The required answer is the run of lines from the one holding "PIECES strik bikinibroekje" to the end of the data below, copied exactly and free of pictures.

§ **INFORMATION SUPPLIED**:
..........

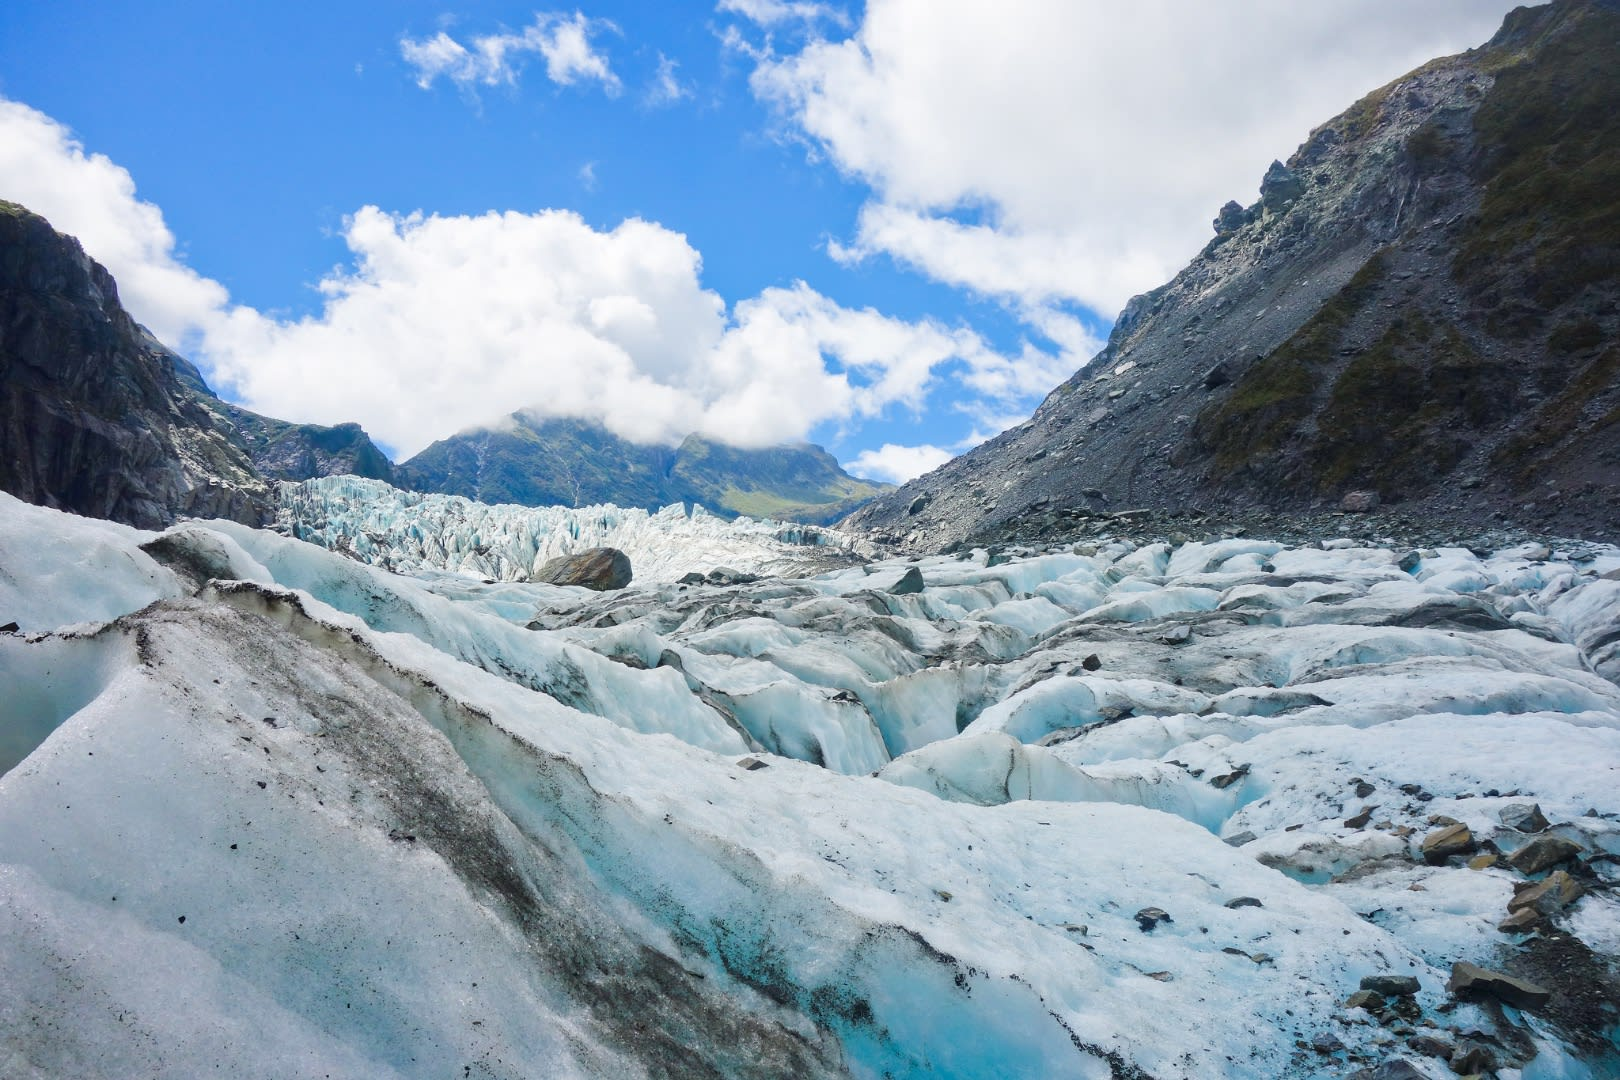 福斯冰川(Fox Glacier),紐西蘭
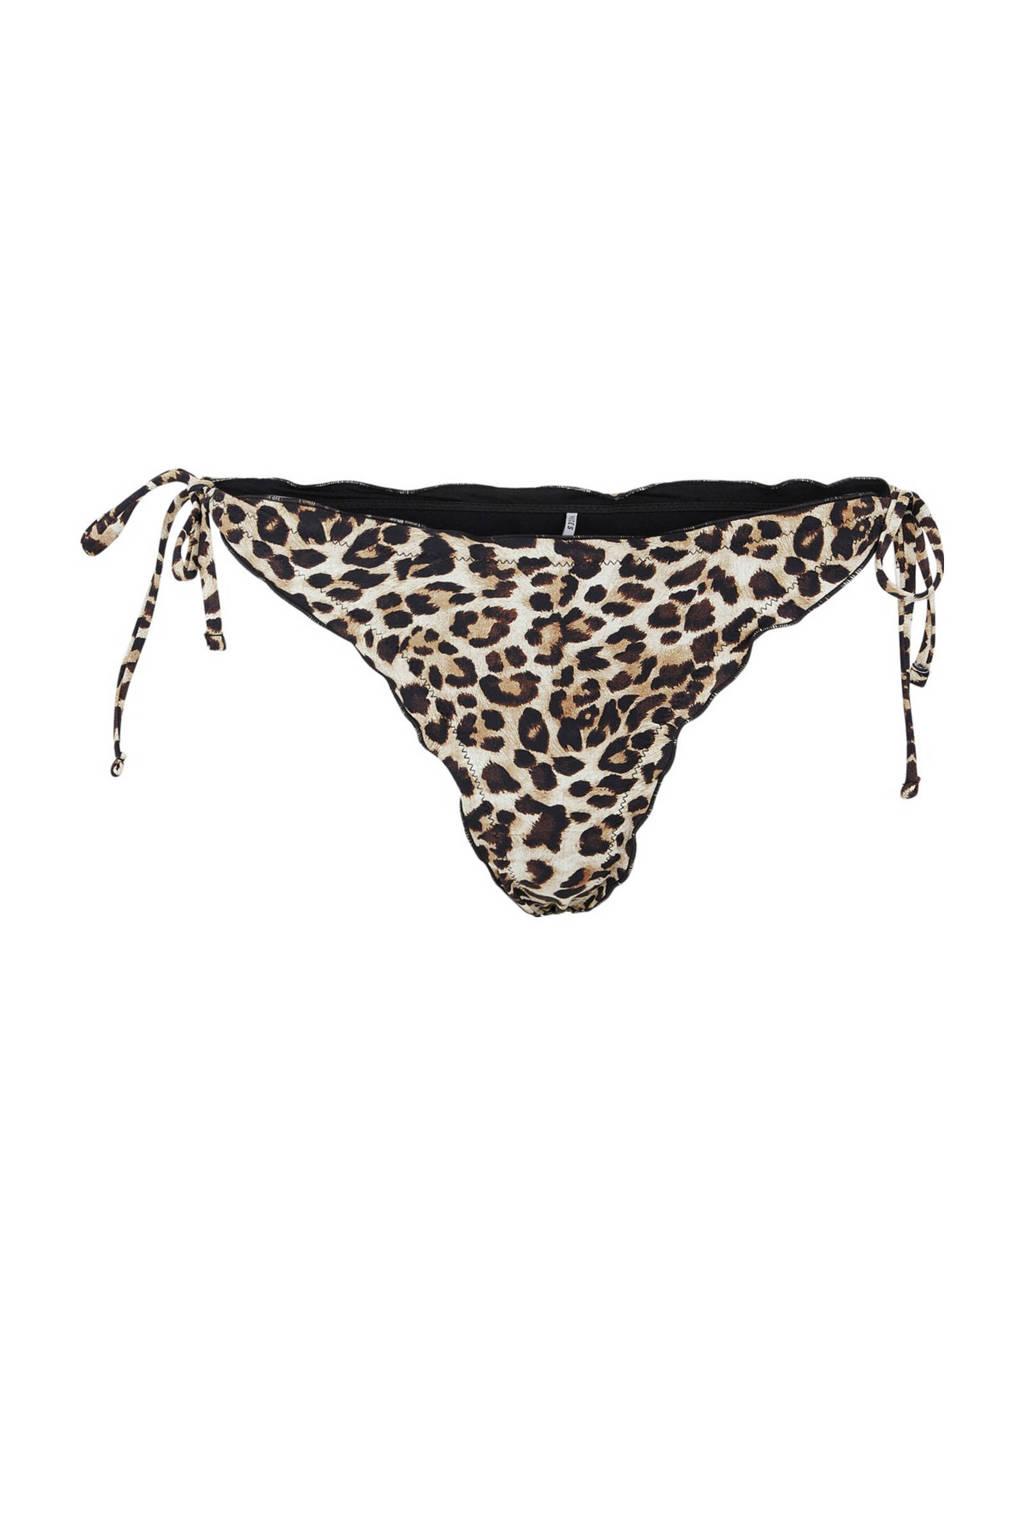 PIECES strik bikinibroekje Gaby met panterprint bruin/beieg, Bruin/beuge
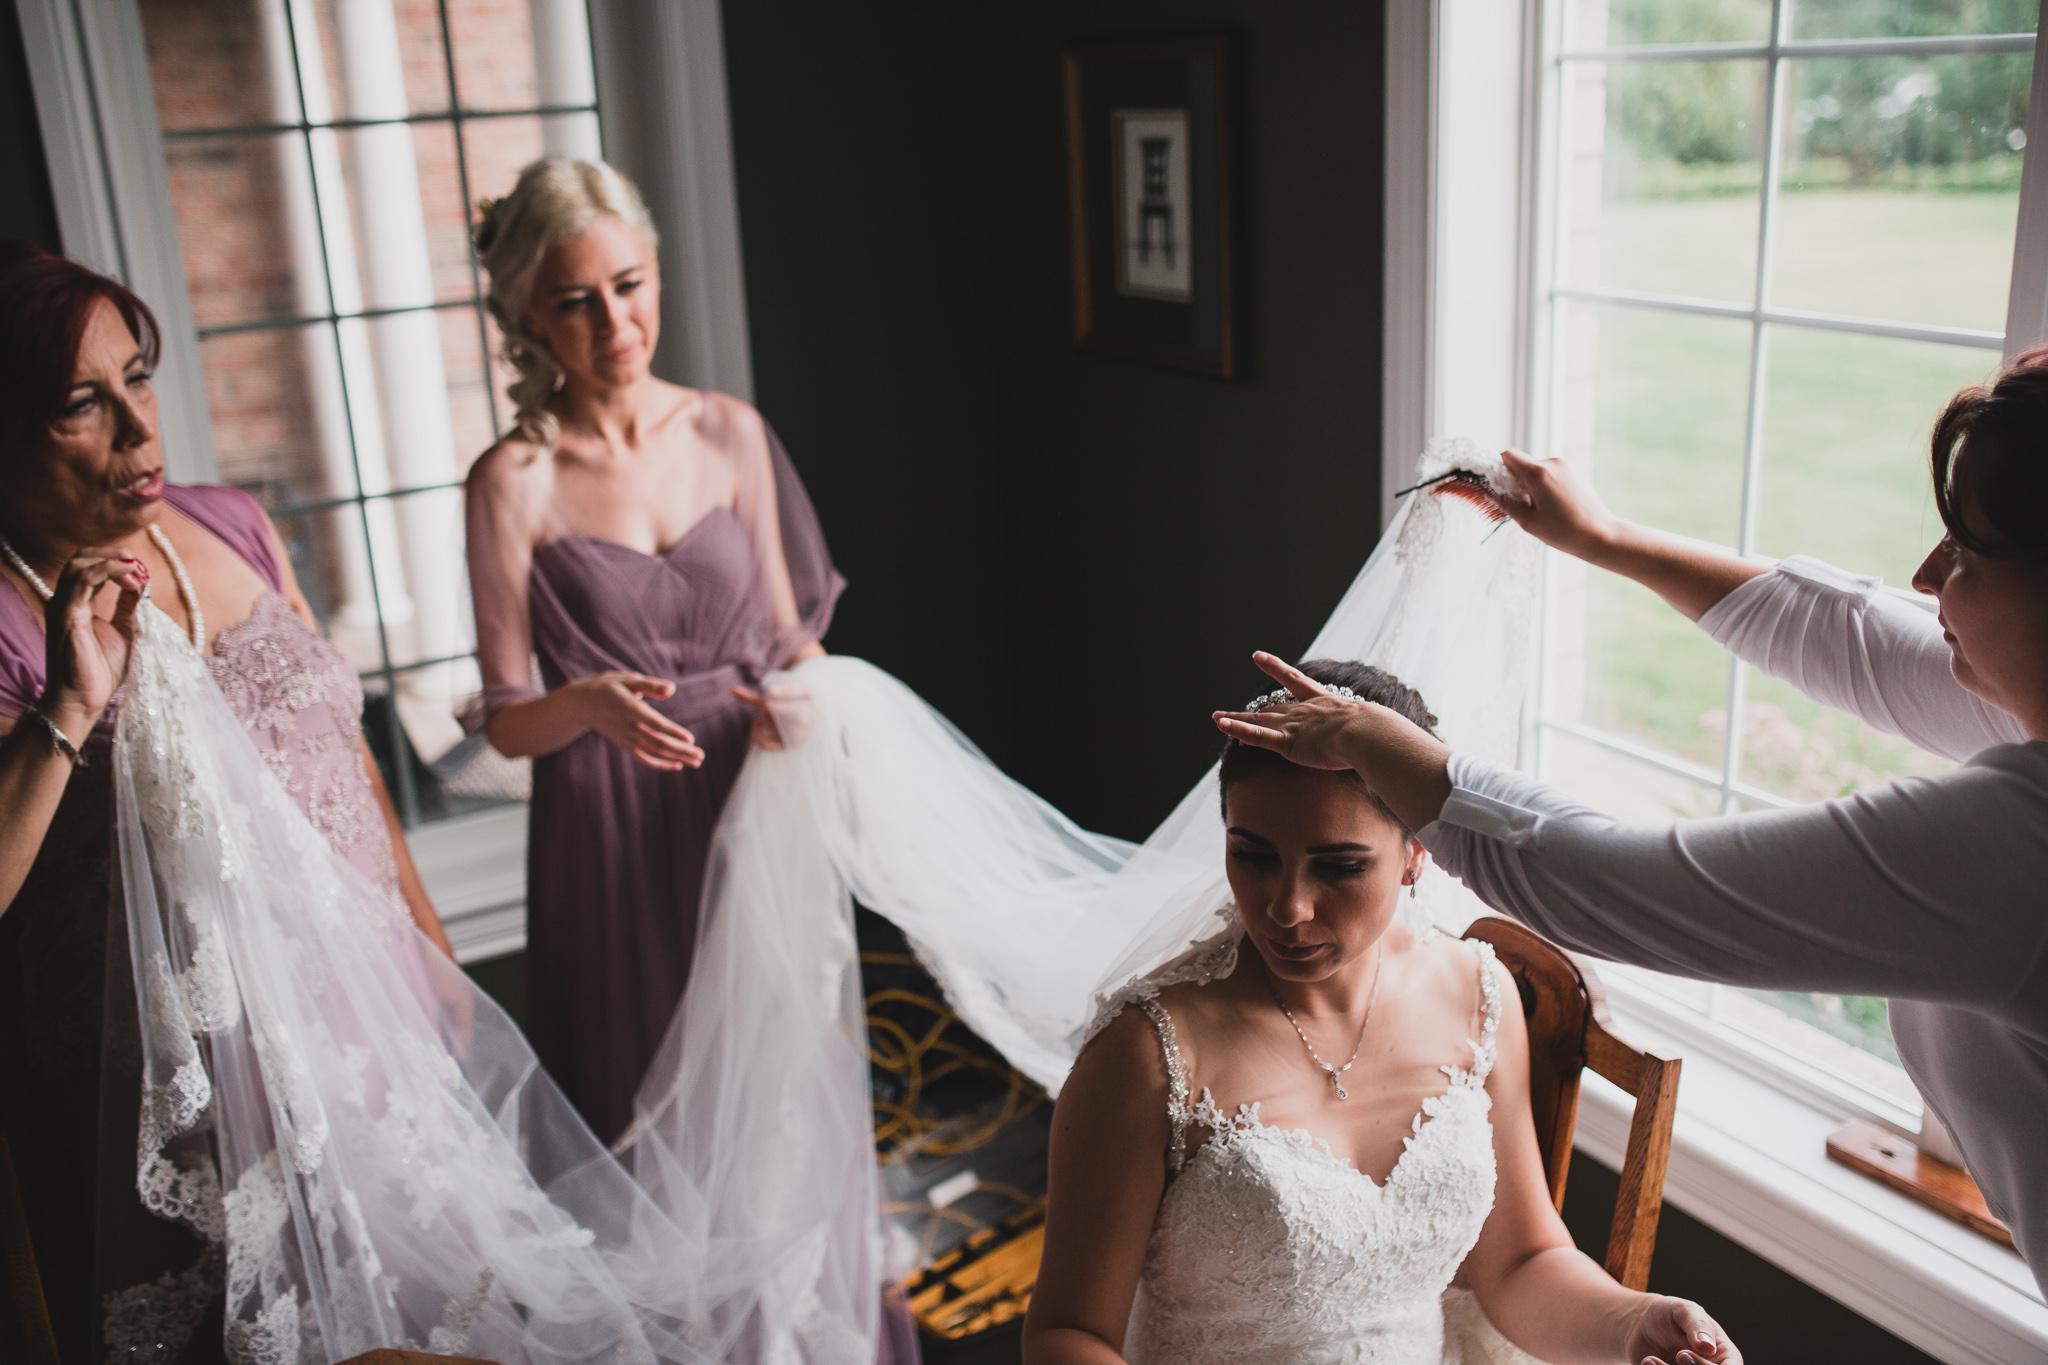 Natural, candid wedding photography Ottawa Ontario

..........

§ **COMPLETED EXERCISE**:
 PIECES strik bikinibroekje Gaby met panterprint bruin/beieg, Bruin/beuge
 Natural, candid wedding photography Ottawa Ontario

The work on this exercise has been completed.